On Wednesday June 27, 2018, the Milton K. Wong Multiculturalism Lecture was held at the BMO Theatre Centre in Vancouver. This event was co-presented by The Laurier Institution, Simon Fraser University, and CBC Radio One “Ideas.” This decade has brought us a global refugee crisis and a return to authoritarianism on scales not seen since the Second World War. Whether in Europe or North America, Asia or Australia, much of our political and economic discourse and/or subtext is dominated by a seemingly sudden awareness of skin colours, ethnic identities and religious affiliations.

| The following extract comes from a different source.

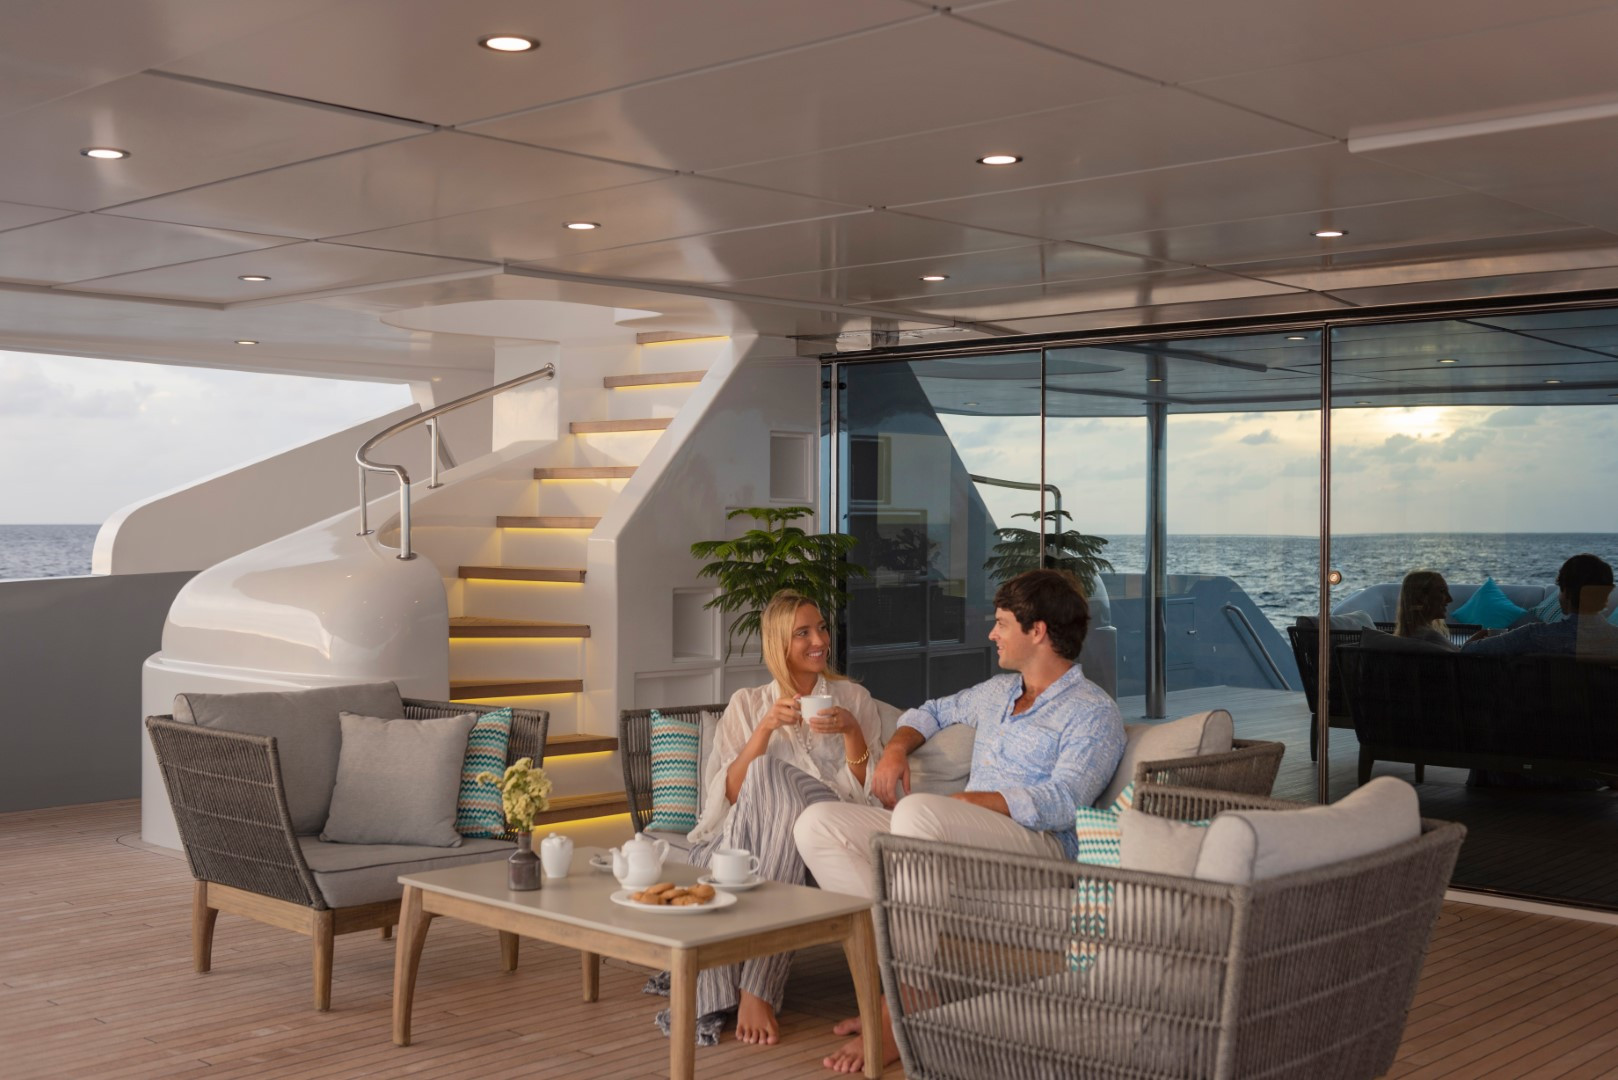 SeaRex_Outdoor Lounge 1 (Large).jpg

Kamal Al-Solaylee is a journalist, university professor and national bestselling author. In his upcoming Milton K Wong Multiculturalism Lecture he makes a case for understanding the intersections of race and politics through the lens of brown skin and the emergence of brownness as a distinct racialised experience and demographic game changer.

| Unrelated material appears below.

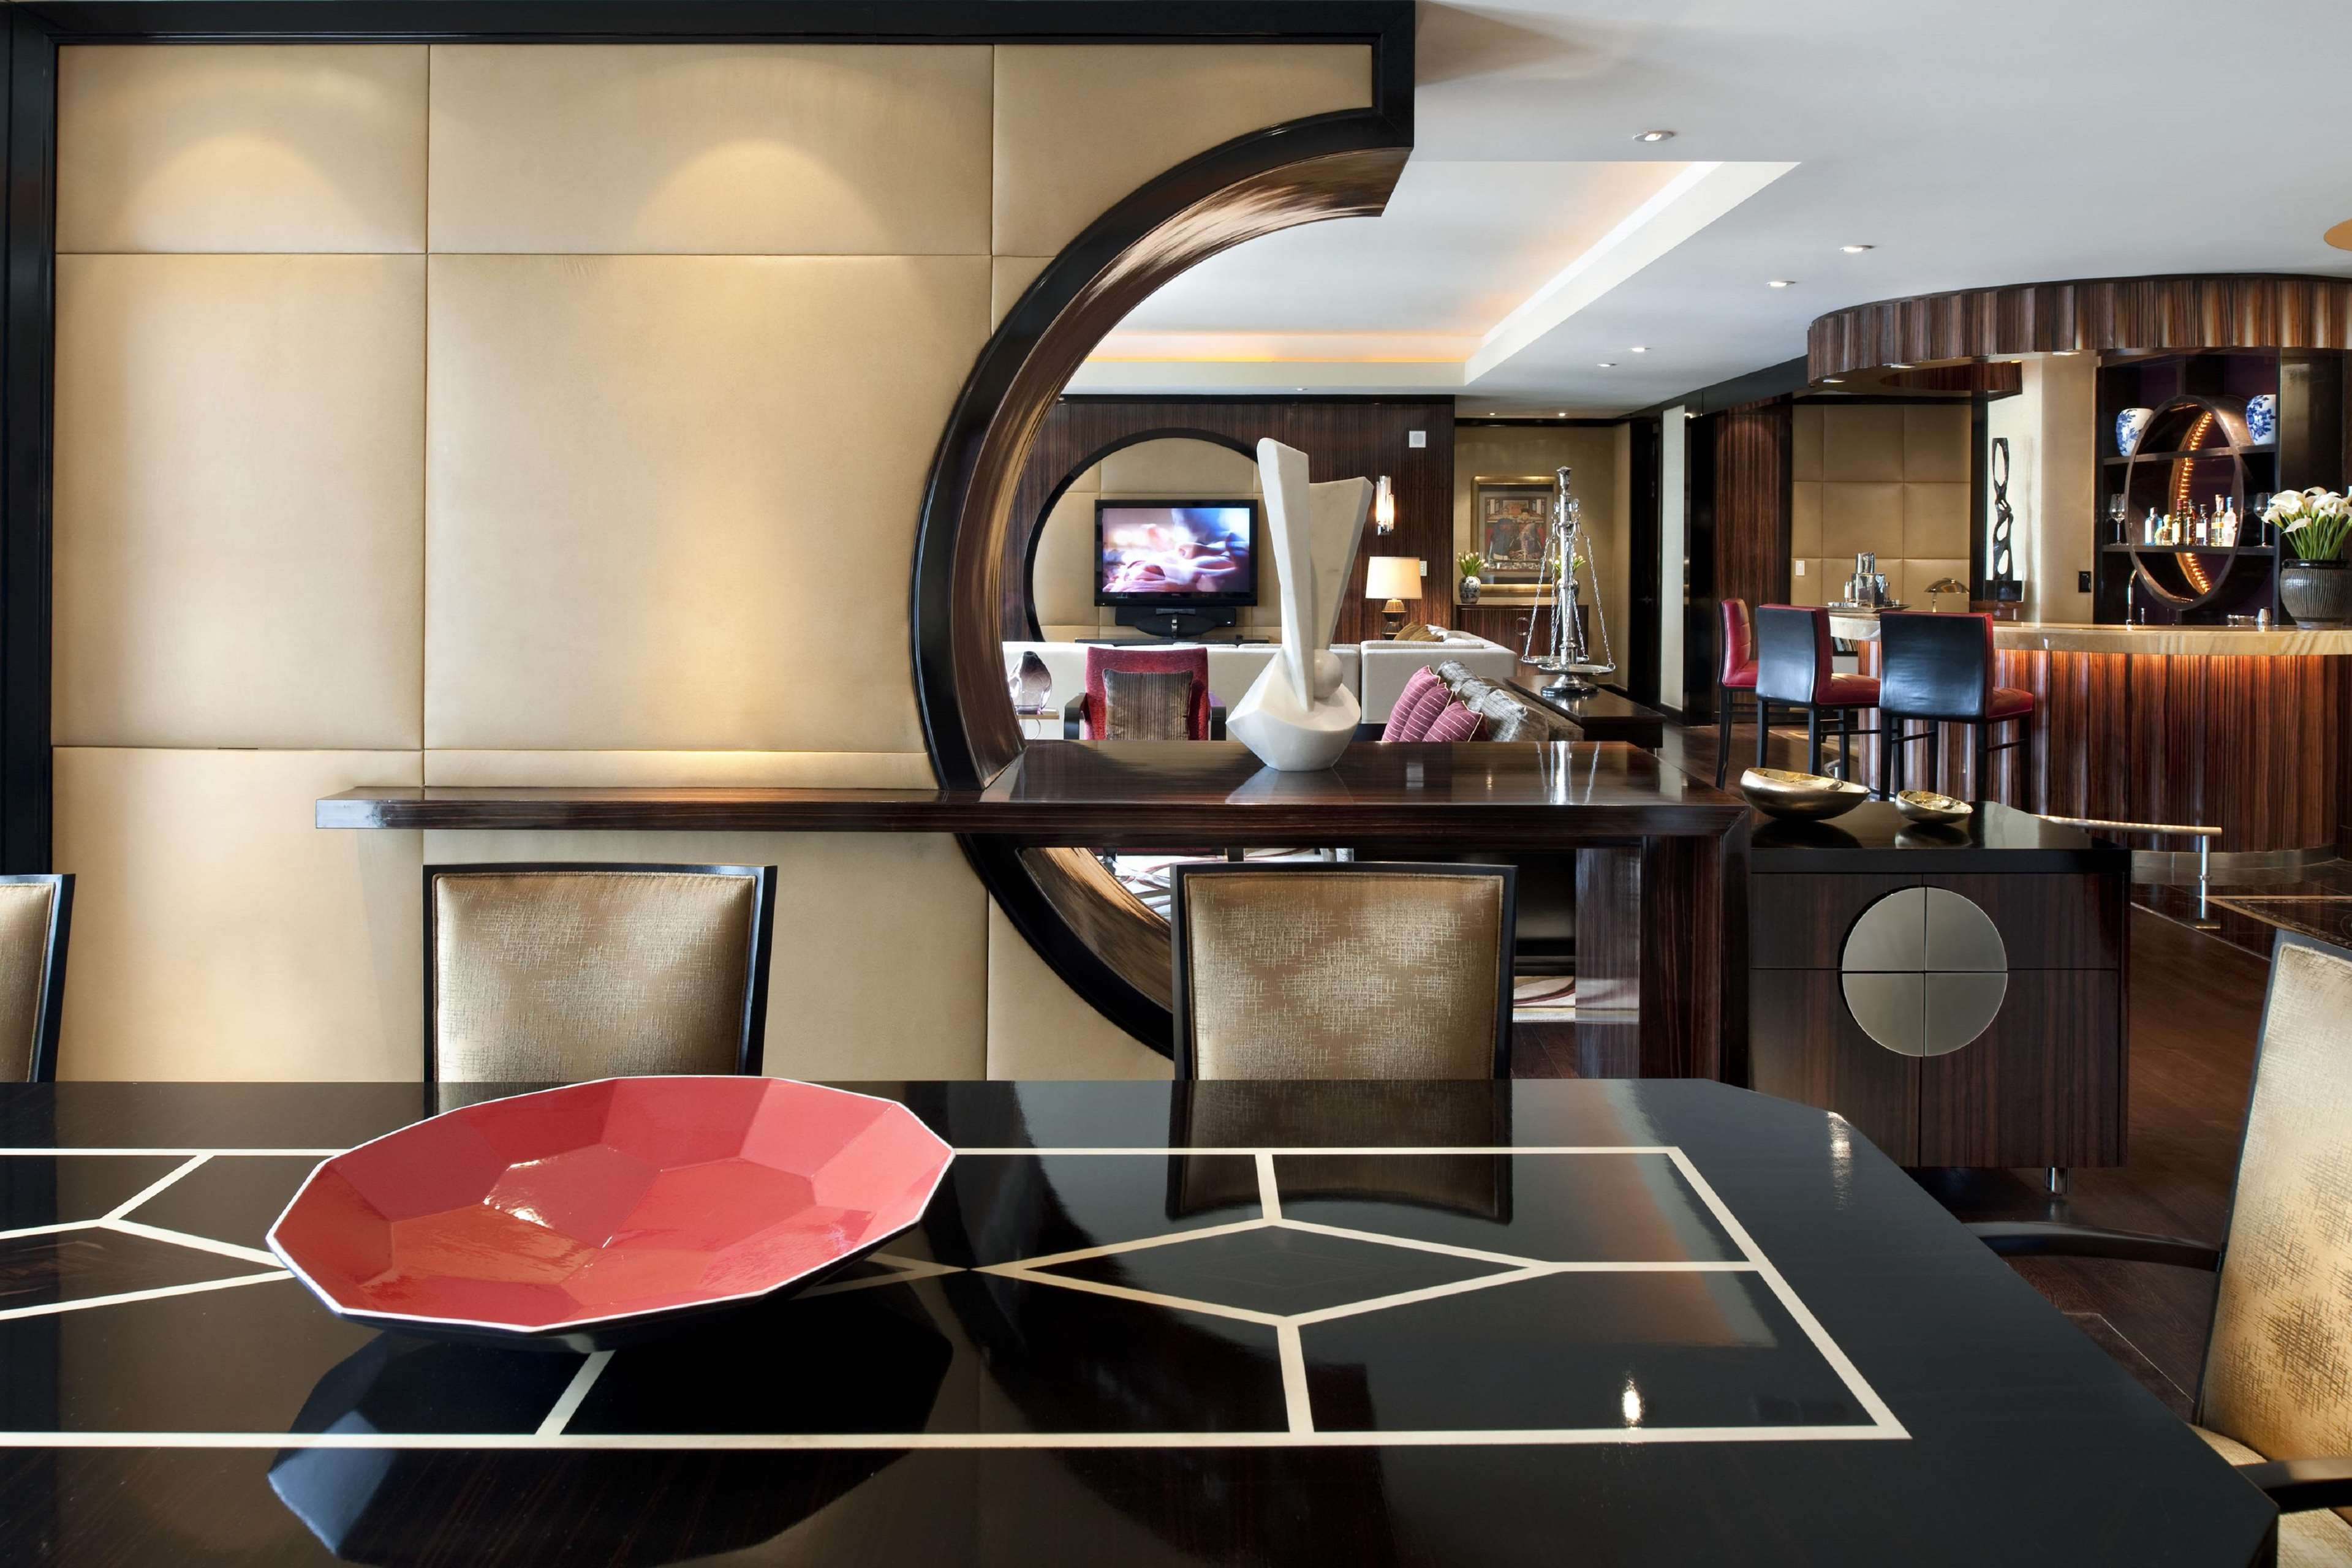 Waldorf Astoria Las Vegas image 49

From the emergence of brown workers as the source of cheap migrant labour around the world, to the colouralization of Islam as a brown menace, to the return of ethno-nationalism and the demonization of multiculturalism as a policy in Europe and North America, Al-Solaylee attempts to connect the dots that form the larger picture of anti-brownness. Why being brown matters and what that means for the future of liberal democracies and racial harmony are just two of the questions Al-Solaylee poses in the 2018 Milton K. Wong Multiculturalism Lecture.